Particle filter for online belief refinement. Stores up to N "particles" (each = a [u32; 4] hand assignment) accumulated from past determinizations. After observing each card play, particles inconsistent with the play are filtered out.

Field Default Effect
use_elephant_memory false Enable the particle filter
elephant_smoothing 0.05 Blending factor when combining base beliefs with particle evidence.

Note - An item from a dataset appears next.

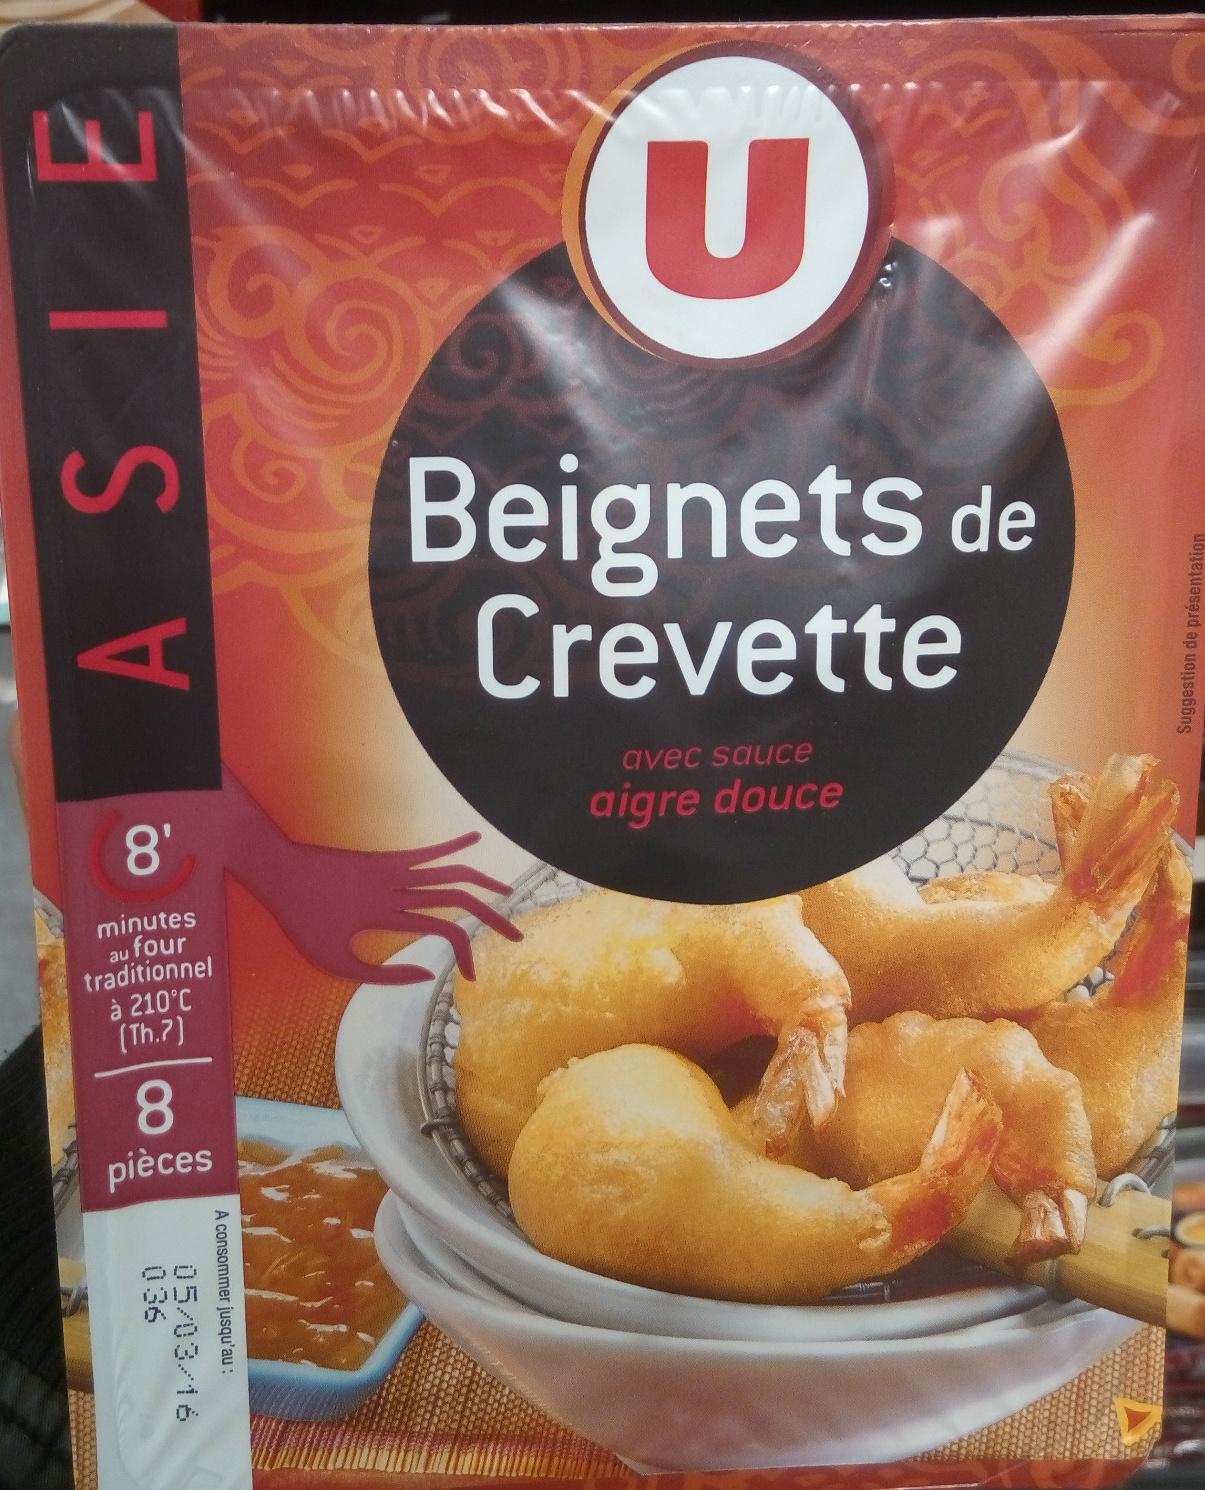 beignets de crevette u 160 g

Lower = stronger particle influence
elephant_dominance_penalty 0.5 Soft penalty per dominant card not played (a player who didn't play their best is unlikely to have it)
elephant_use_dominance true Apply the dominance penalty to particle scoring
elephant_decay 0.8 Decay factor for old particles (0.8 = particles lose 20% influence per turn). 1.0 = no decay

Lifecycle

  1. init_deal_with_config() — reset particle pool for new deal
  2. Each search_with_stats() call — generated determinizations are added as new particles via elephant.add_particles()
  3. record_action() after each playelephant.observe_play() filters surviving particles consistent with the observed card. If dominance penalty is on, particles where the player held a dominant card they didn't play get downweighted
  4. Next searchcompute_evidence() aggregates surviving particle distributions, then blend_with_evidence() combines with base beliefs (NN or heuristic) using elephant_smoothing
  5. Resolved position case — when a single DD solve is enough, the resolved hands are fed back as a particle (re-seeds the pool with ground truth)

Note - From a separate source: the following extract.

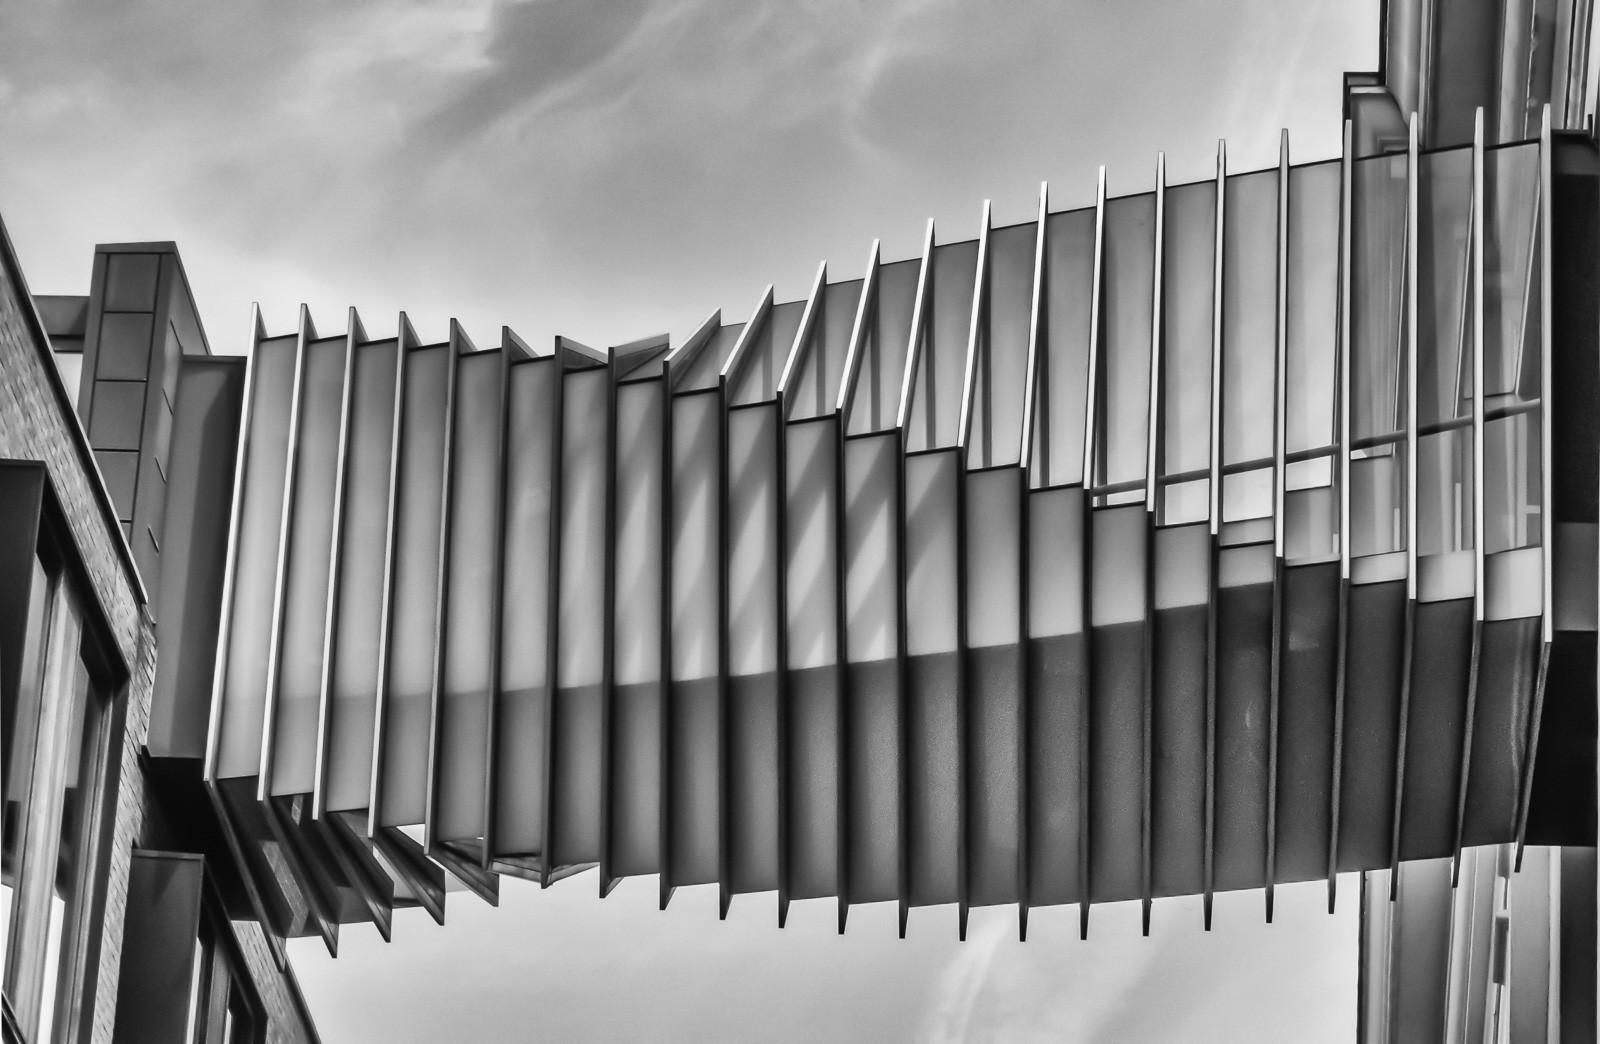 MONO - Twisted Walkway by Pauline McAleese (9 marks)

Stats: elephant_stats() → (surviving_particles, total_particles) and elephant_evidence(state) → Option<weights>.

When to use

Elephant memory is most useful mid-to-late game when belief uncertainty has narrowed and particles can converge. In early tricks the particle pool is sparse and noisy. It's off by default in production bots — primarily an experimental feature for belief studies.

Performance

Config Time per move Notes
20 dets, no belief, full hand ~50 ms Default setup
20 dets, with NN belief ~70 ms +20ms for NN forward + hybrid blend
20 dets, mid-game (4 tricks left) ~20 ms Smaller search trees
With time_limit_ms=50, full hand up to 50ms × 8/8 = 50ms Auto-scaled
With time_limit_ms=50, last trick up to 50ms × 1/8 = 6ms Endgame finishes fast
Resolved position (early term) ~5-10 ms Single DD solve
Forced move (early term) <1 µs Constant return

Variants in the arena

Set in arena/bots/ TOML files:

[play]
method = "smart_is_dd"     # alternatives: "is_dd", "smart_ismcts"
time_ms = 50               # → time_limit_ms
determinizations = 20

[belief]
model = "models/belief_v3.bin"     # optional, loads BeliefNet (soft predictions)

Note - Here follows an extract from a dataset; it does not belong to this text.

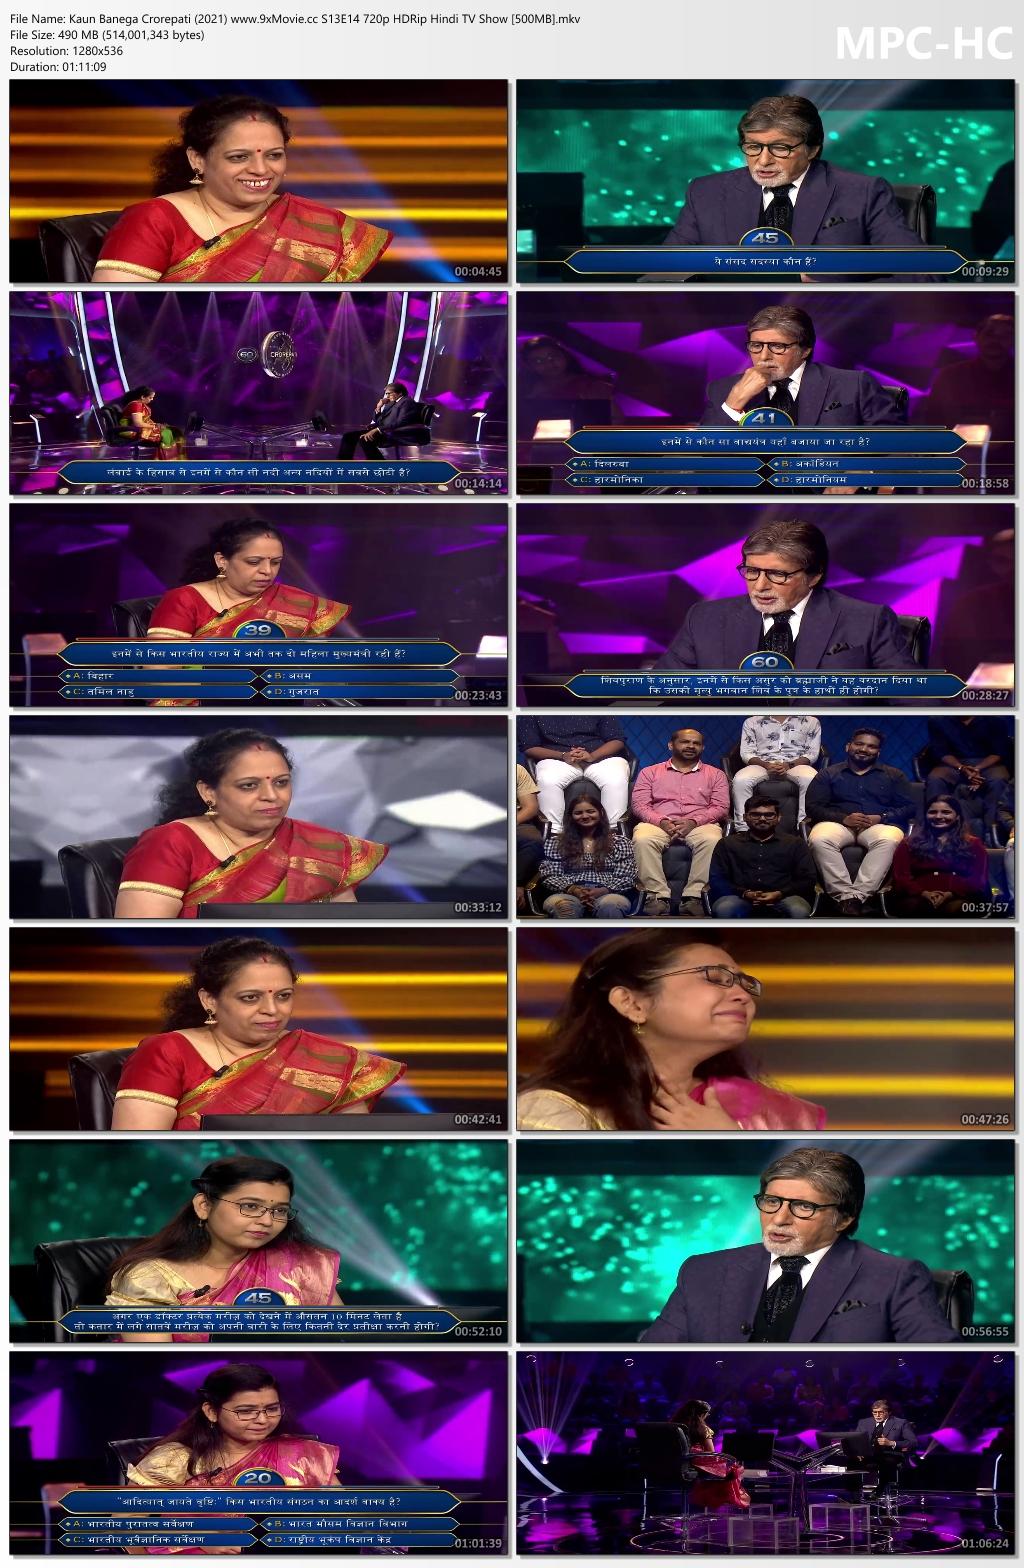 Kaun-Banega-Crorepati-2021-www-9x-Movie-cc-S13-E14-720p-HDRip-Hindi-TV-Show-500-MB-mkv

Hard constraints are applied automatically — there is no flag for them.

Reference bots:

  • nn_v2_isdd_no_belief — heuristic CardBeliefs only, no NN
  • nn_v2_isdd — NN belief net + hard constraints (current production strongest)

API

use colver_core::is_dd::{IsDdSearch, IsDdConfig};

let mut search = IsDdSearch::new();
// optional: search.load_belief_net("models/belief_v3.bin")?;

let config = IsDdConfig {
    determinizations: 20,
    time_limit_ms: Some(50),
    use_nn_beliefs: true,    // optional soft beliefs; hard constraints always on
    ..Default::default()
};

// Initialize beliefs at start of deal
search.init_deal_with_config(&state, observer, &config);

// Each turn (any player):
search.record_action(&state_before, player, action);  // update beliefs

// When it's our turn:
let action = search.search(&state, &config, &mut rng);
// Or with stats:
let result = search.search_with_stats(&state, &config, &mut rng);
// result.best_action, result.card_scores, result.determinizations

Parallel variant: search_parallel() (requires parallel feature, uses rayon).

Comparison with DMC

DMC and IS-DD have very similar mean MAE vs DD (~19) but make different errors — see bid/reward_studies/v3_reward_study.md. Hamming distance on the same deal is 29/32 cards: stylistically opposed (DMC plays Aces immediately, IS-DD pulls trumps systematically with the J).

Both are realistic players. IS-DD is slightly stronger on extreme hands (capots, very weak); DMC is slightly stronger on standard mid-range hands. Their max(DMC, ISDD) is the basis for the bid_v3_max_20M champion.